Sure, I can give you detailed answers: 1- The answer is still ~1.7GB. You only n...

vladf · on March 31, 2024

I see, so we’re still fetching the metadata to gpu, and rescaling on gpu, just on-demand and discarding metadata when we’re done with that layer?

Why not do the same optimization for layer weights themselves?

mobicham · on March 31, 2024

Yes, correct, and that fetching operation is a non-blocking operation, once we dequantize the weights we discard it before moving to the next layer.

Technically, you can do it for the weights as well. But that wouldn't work in many situations. For example, when training with FSDP: the quantized weights stay on the device but you can still offload the meta-data (https://www.answer.ai/posts/2024-03-06-fsdp-qlora.html)

I would like to re-iterate that larger models, which would be more interesting to run at low-bits, are much less sensitive to quantization compared to a 7B. So you could potentially use a larger group-size and just keep it on device, like what is done with 4-bit and 3-bit now using a group size of 64. We just started running some experiments with a 13B llama2 and it looks very good so far (outperforming some full-precision llama2-13B-based models), let's see how far we can push it, ideally get-rid of the reshaping all together will be great.

vladf · on March 31, 2024

If you’re willing to pay for the latency cost of per layer cpu fetching/offloading, I don’t see what extreme quant buys you.

You could just do a layer-by-layer fetching scheme with 4 bit weights.

For training too, just fetch each layer twice per step as needed for fwd/bwd.

And all for hbm cost equal to one layer’s worth

mobicham · on April 1, 2024

The extreme quant buys you potentially 70x more efficient matmul via binary/ternary operations.

You still have a group-size of 64 in 4-bit fyi.And even if you keep the meta-data on-device, provided that the quality is high (which is the case for 2-bit, outperforming fp16 on certain tasks), that is a much better option compared to 4-bit even if the VRAM usage is the same.

Again, and I keep repeating this but it seems to be ignored every time: this is experimental work and it's still in progress. This story of small group-sizes on large models should not be an issue.

vladf · on April 1, 2024

> You still have a group-size of 64 in 4-bit fyi.

Results may vary :)

> Again, and I keep repeating this but it seems to be ignored every time: this is experimental work and it's still in progress. This story of small group-sizes on large models should not be an issue.

Apologies if something I said (or I guess did not say...) offended you! It's a hypothetical, and one IME is not so easy to achieve, but maybe you have different results. So I didn't want to comment on this, maybe it's possible (but LLMs don't scale up as easily in terms of quantization than other networks like image classifiers, in my experience).

> The extreme quant buys you potentially 70x more efficient matmul via binary/ternary operations.
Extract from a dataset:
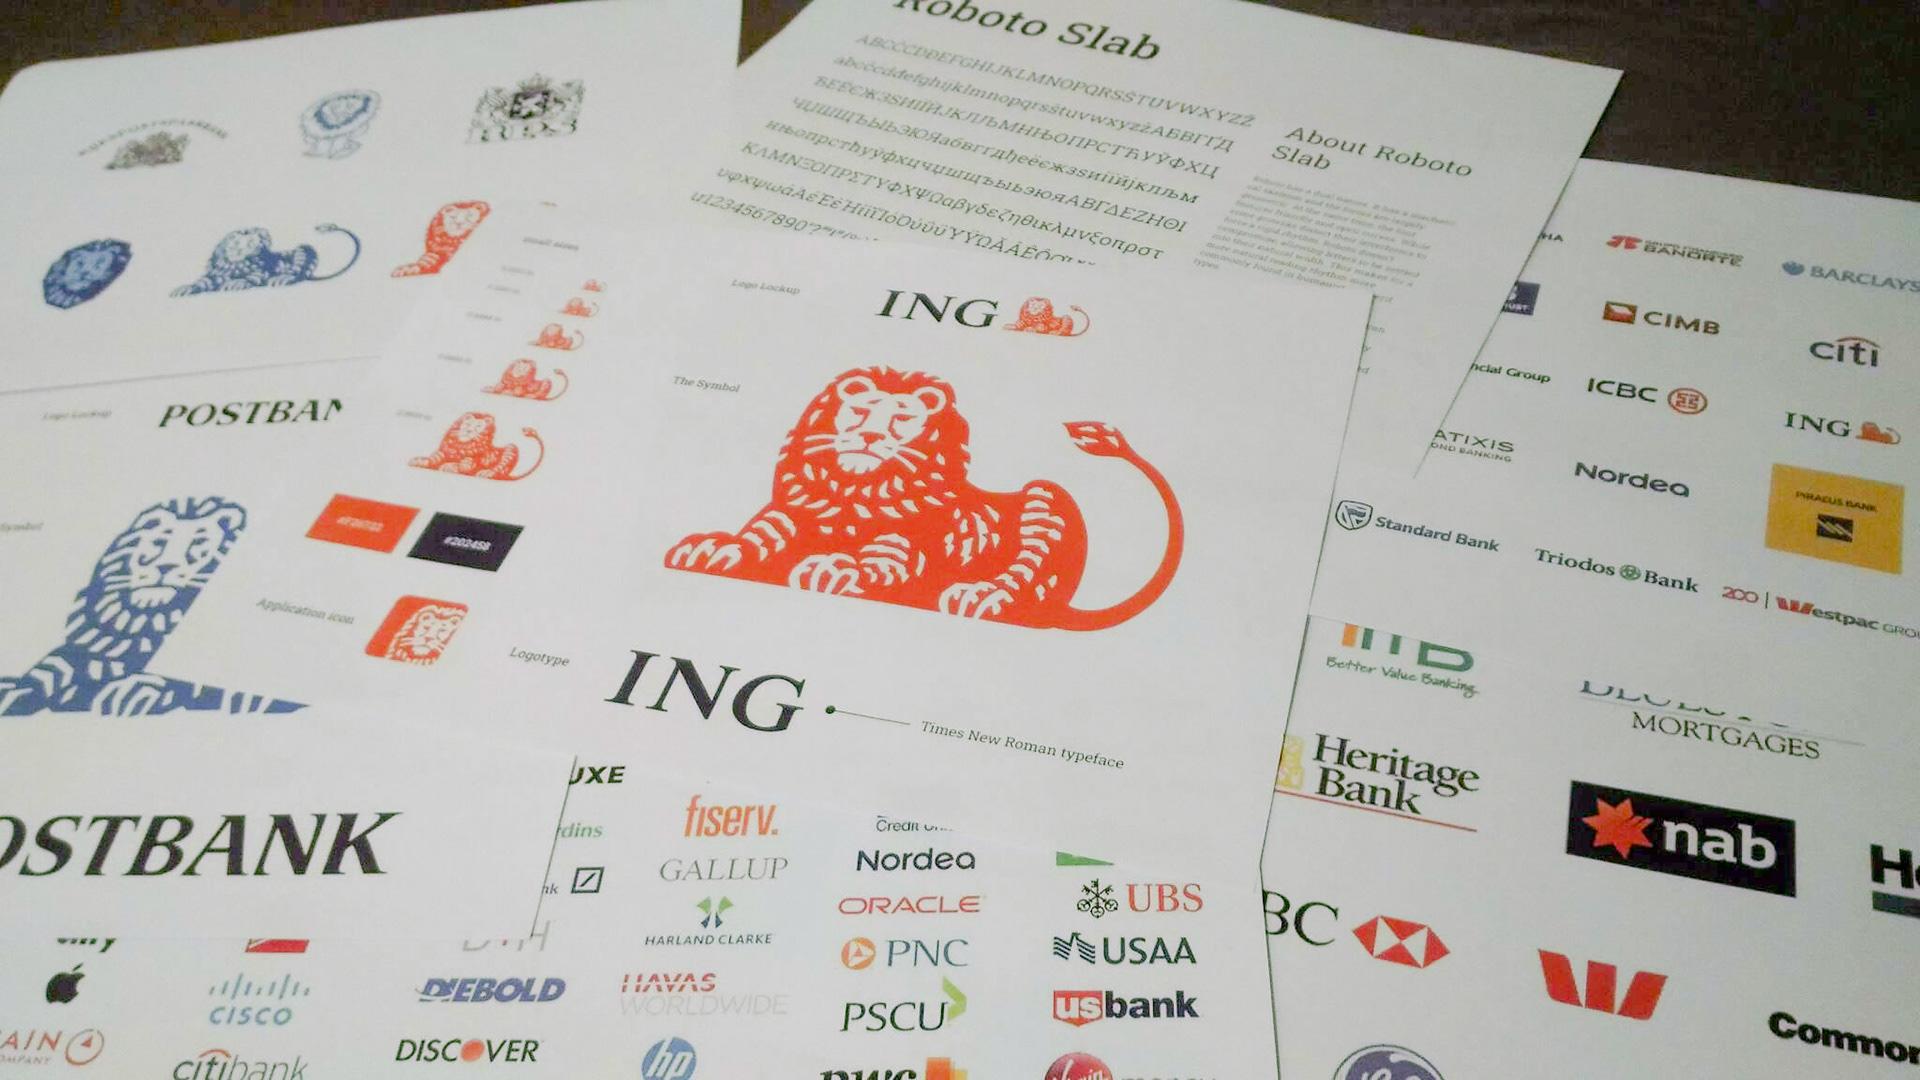 ING bank brand analysis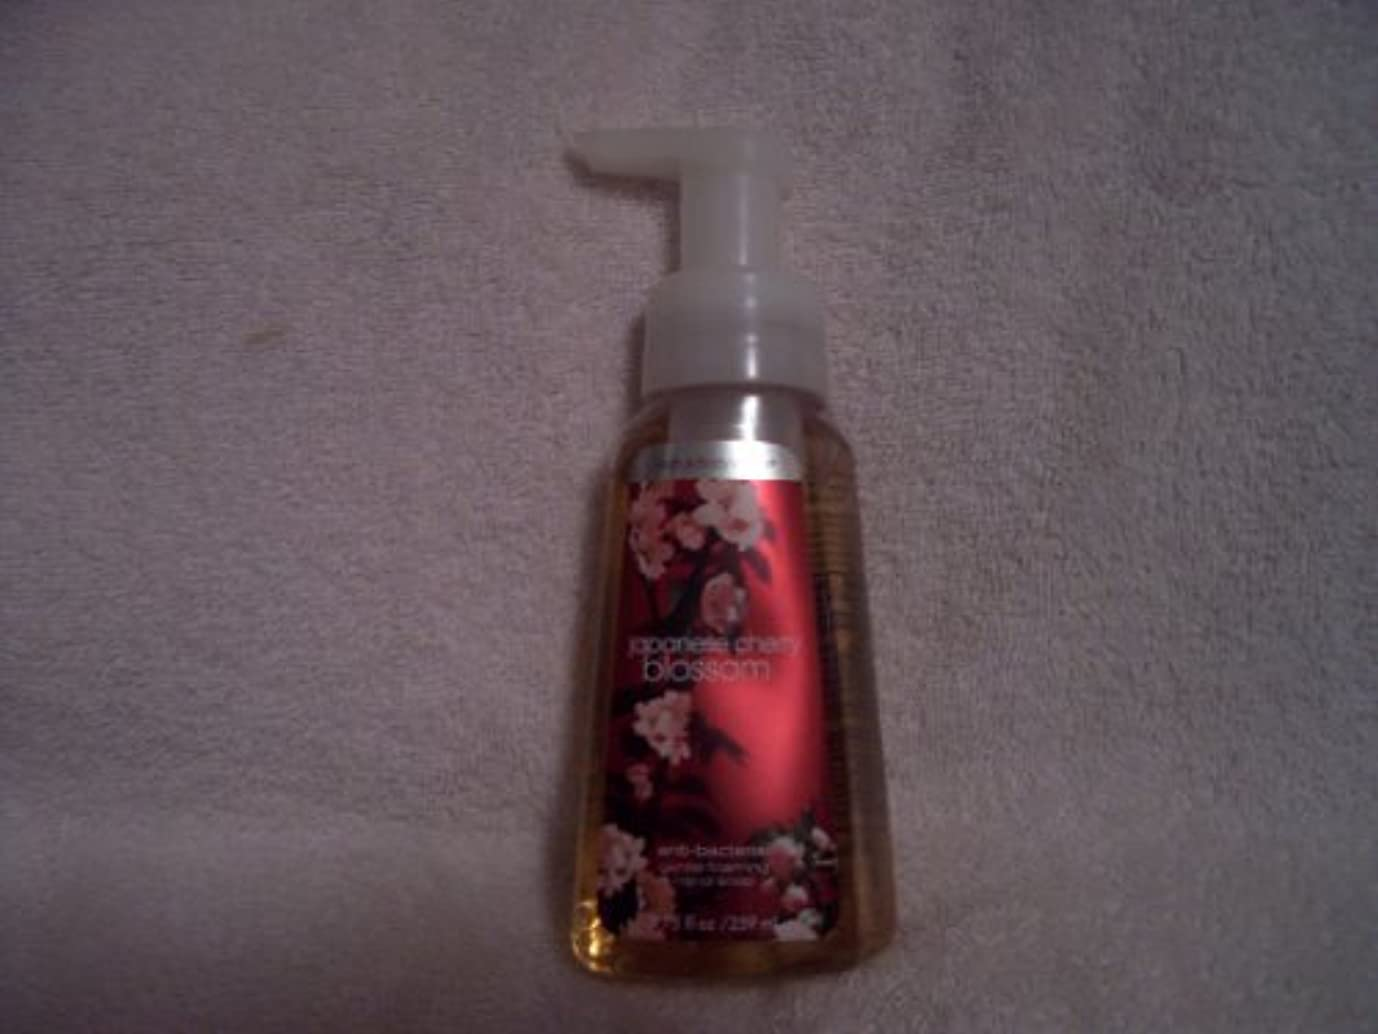 達成謙虚バケット[Bath&Body Works] フォーミングハンドソープ ジャパニーズチェリーブロッサム 259ml [海外直送品]

To be clear, such hardware does not yet exist, and it's unclear if you really can have more efficient binary/ternary matmul if you need high-precision accumulators and more frequent broadcasting shiftss. It's again a complicated hardware question to answer if the sum total latency of doing many high-precision accumulations and many scales/shifts will be smaller (or, chip-area-wise, even feasible to implement), compared to a 4-bit baseline.